Wael September 30, 2016 5:19 AM

@Anon, @Clive Robinson,

I recall a discussion in the past about seperate monitoring hardware that checked the data traversing the bus to/from a CPU

It’s gotta be one of the longest technical security discussions here, it lasted well over three years. Castles Vs. Prisons, or C-v-P. Such a lovely name 🙂

Clive Robinson September 30, 2016 9:01 AM

@ Sorin,

You should check out this article, for more recent anti-detection tricks

All though the are different instantiations, they are of the same class of detection techniques.

That is they are looking for “not normal” charecteristics, that investigators can quickly change their test environment to replicate.

I know of tricks where the investigators can not change their test environment easily. I’ve mentioned some of them in the past, and they are often used as sources of entropy in random number generators and involve hardware charecteristics.

One charecteristic for instance is how heat effects the timing of various hardware signals. The heat comes from the difference between a computer just sitting idle and one being used. Importantly the type of use the computer is being put to changes the signals. The 24h heat signiture of an administrative / clerical user is markedly different to that of a programmer, which likewise is different to a system used as an industrial control system head end. All of which are markedly different to the use of a malware researcher.

Thus a malware attack of the sort you realy don’t want –covert APT from high level attacker– can run tests over several days unlocking it’s encrypted tests and payload little by little as it builds confidence in what it sees.

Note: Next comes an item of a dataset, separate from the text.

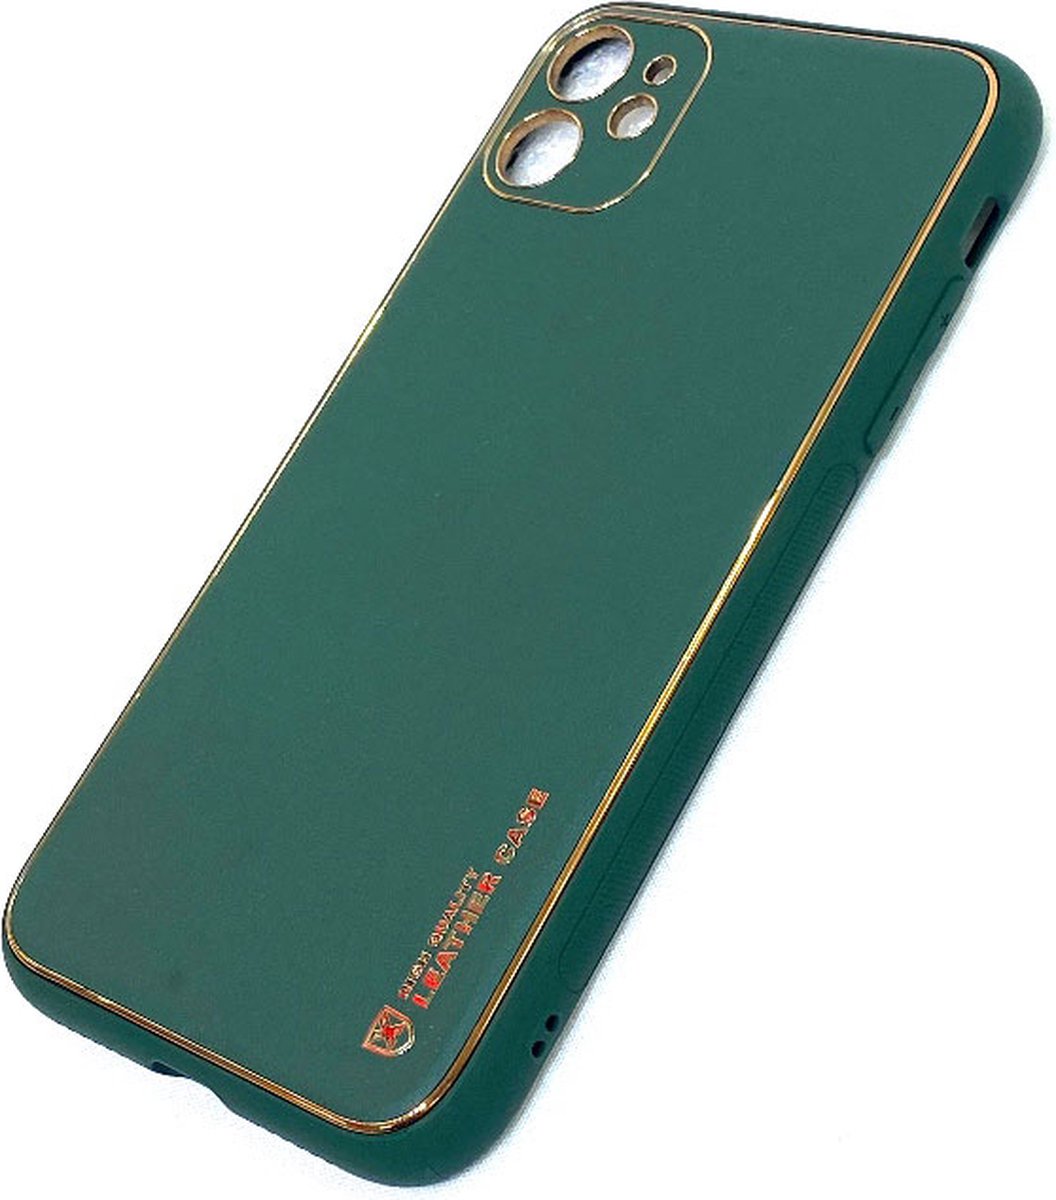 JPM Iphone 12 |Canary Series | Green Color

If you want an idea of real sneaky things you can check, have a think about how the various cuts of quartz crystals are effected by heat and importantly how they change depending on the electrical loads adjacent to them…

It’s not something you are going to see in cyber-crime malware for some time. But there are people who have done the research and put such techniques in covert code. As has been noted before Stuxnet was a bit embarrassing in the way it got publicaly dissected and various people do not want that happening again.

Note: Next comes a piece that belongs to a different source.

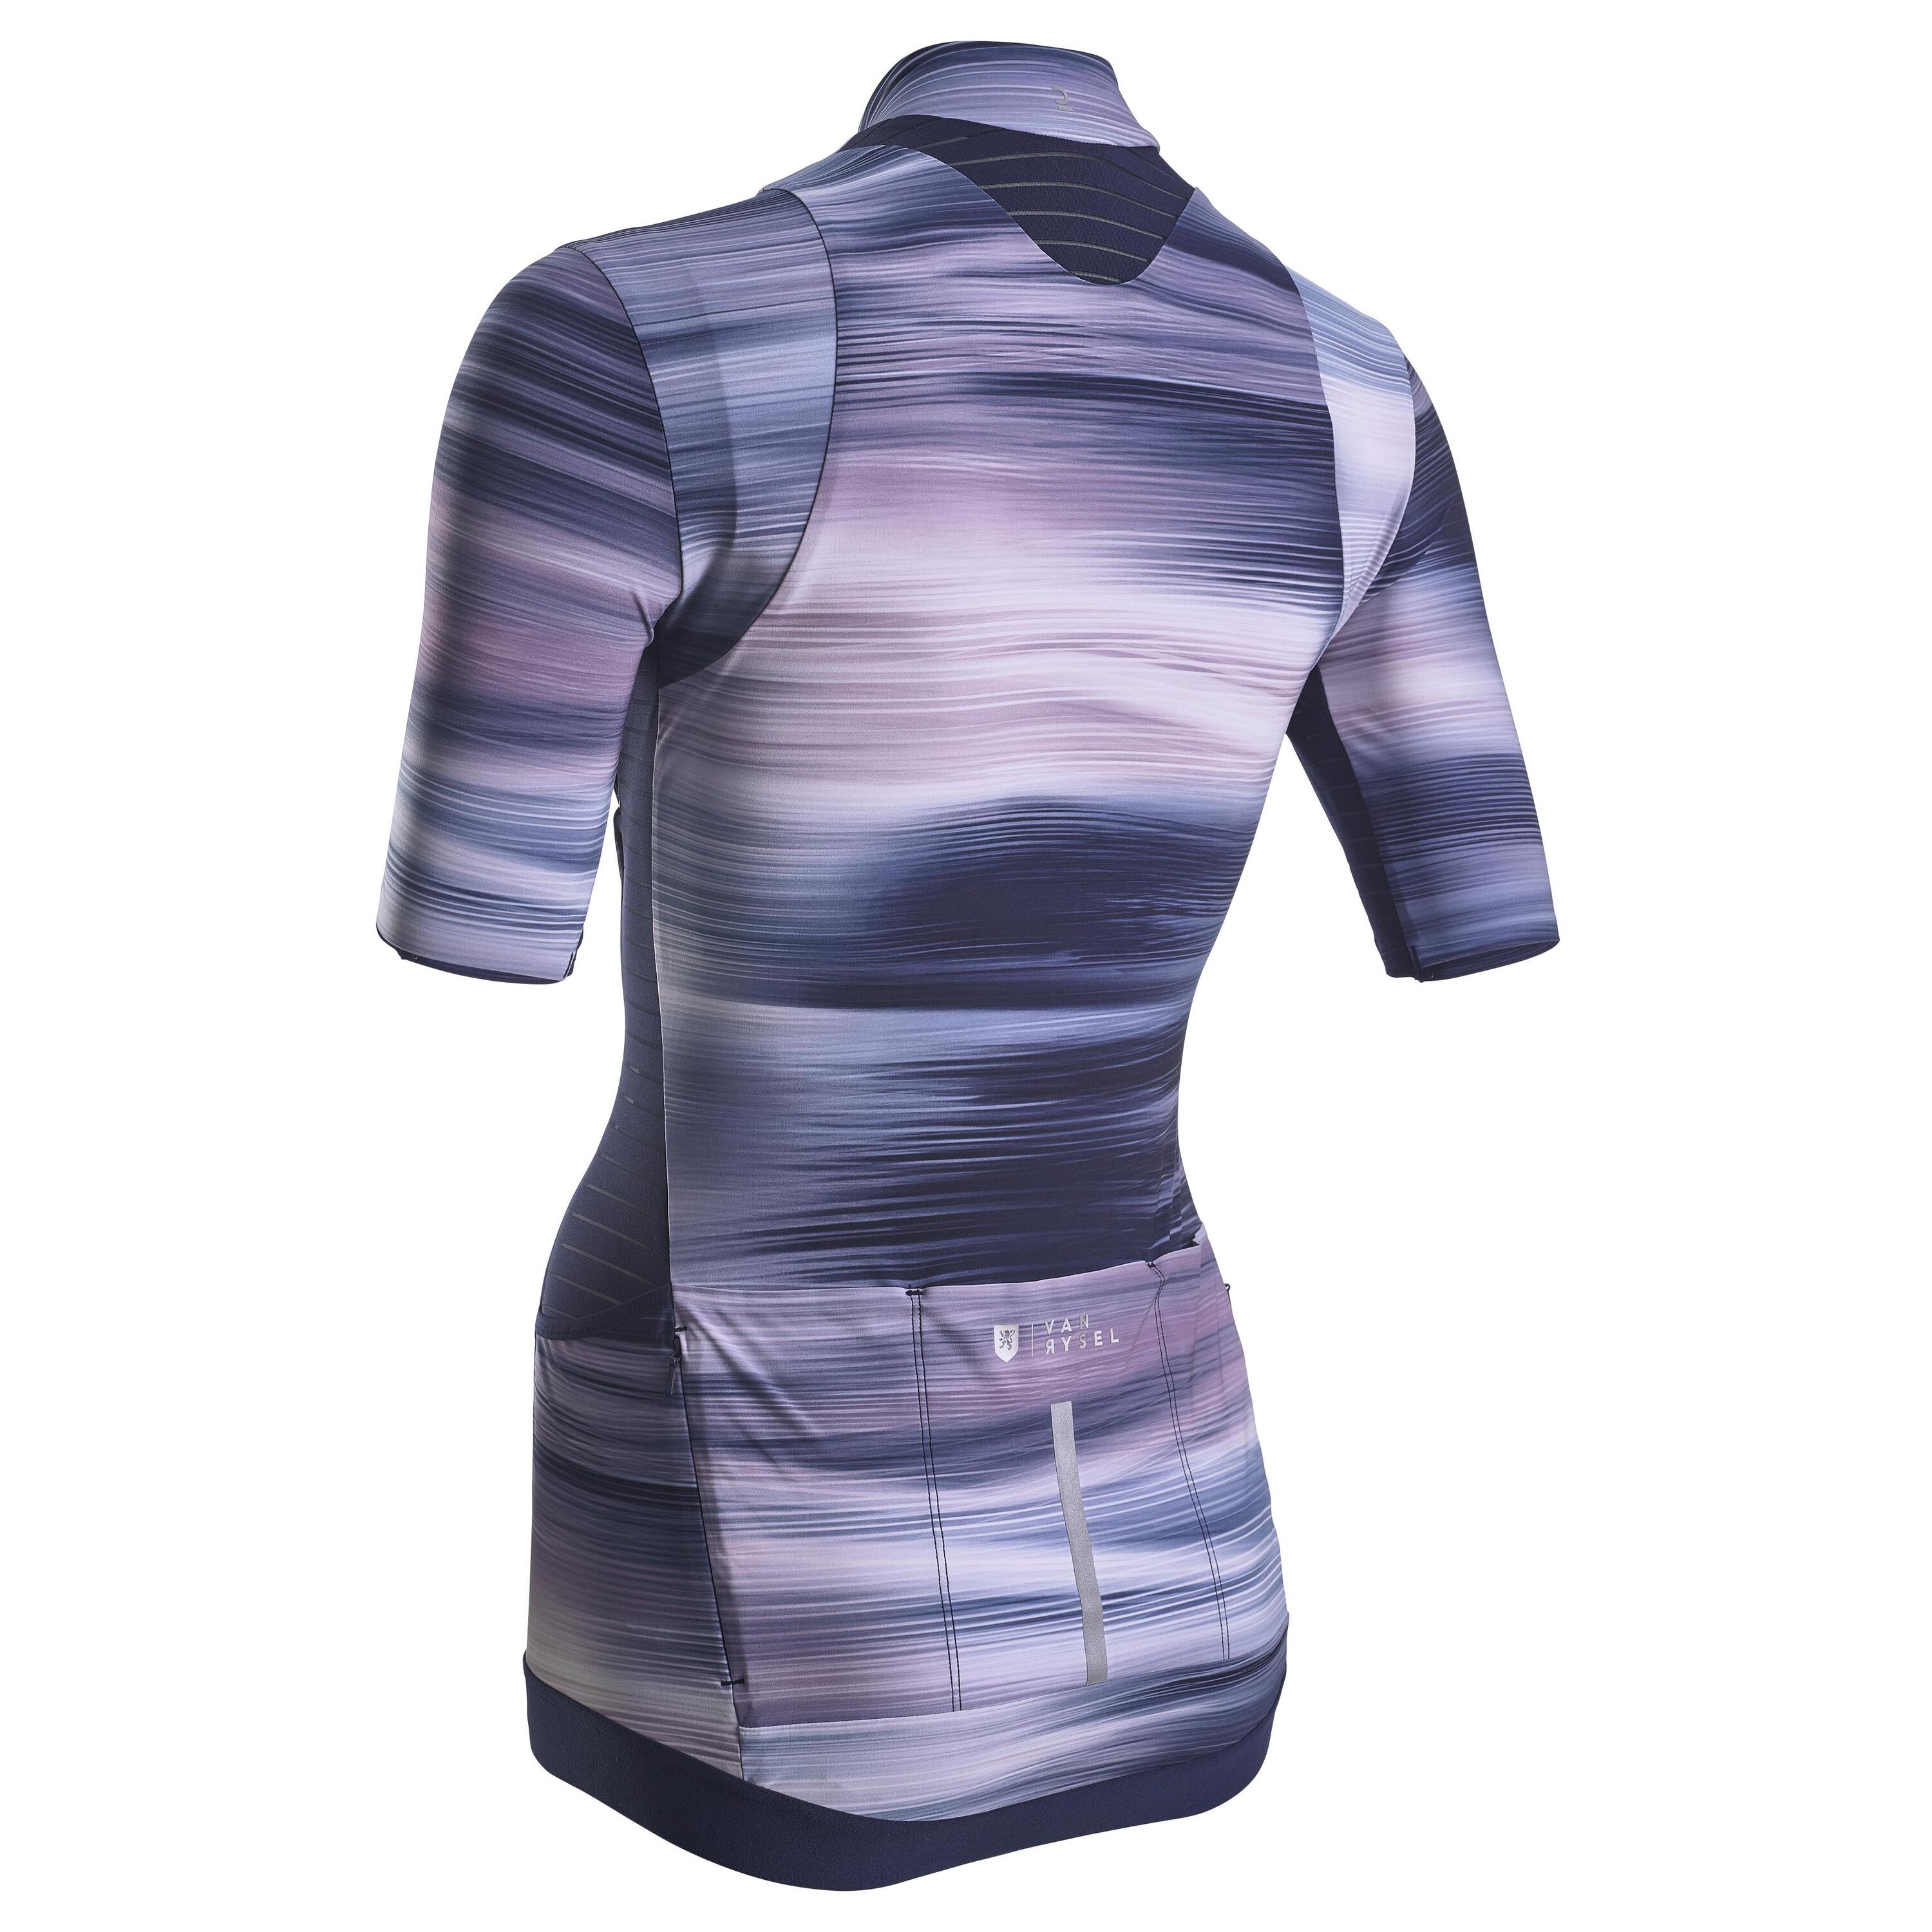 Women's Short-Sleeved Road Cycling Jersey Racer - Antelope Lilac 2/6

JPA September 30, 2016 8:35 PM

@Clive

Then having a baseline for the average value of a variable that is associated with the use of the CPU, like the heat signature might act as a “thermometer” to see if malware were running as that might change the signature. Sort of like the CPU running a fever?

Clive Robinson October 1, 2016 2:57 AM

@ JPA,

Sort of like the CPU running a fever?

More like a “sweat from honest toil” as the malware is looking for user generated load.

Importantly though it’s not just one signature, as there are a number of CPU’s in your modern computer controling the I/O. And the I/O it’s self can generate heat and power supply variations as well. One example being the WiFi subsystems.

The problem for the malware writer is the level of work they have to do to get the signatures of user work. They have to do it with out being observed, either directly, or from the side effects of the observation process. Heat is ideal for this because because it uses the thermal mass of various parts of the computer to integrate the work signiture so only very loe bandwidth sampling is needed.

So finding some other signal that naturally integrates user load to keep malware sampling thus it’s own load signiture low is what a covert (APT type) malware writer is going to be looking for. Especialy if it can be sampled in a non obvious way, thus cannot be easily “trip wired” or “instrumented” by the defenders.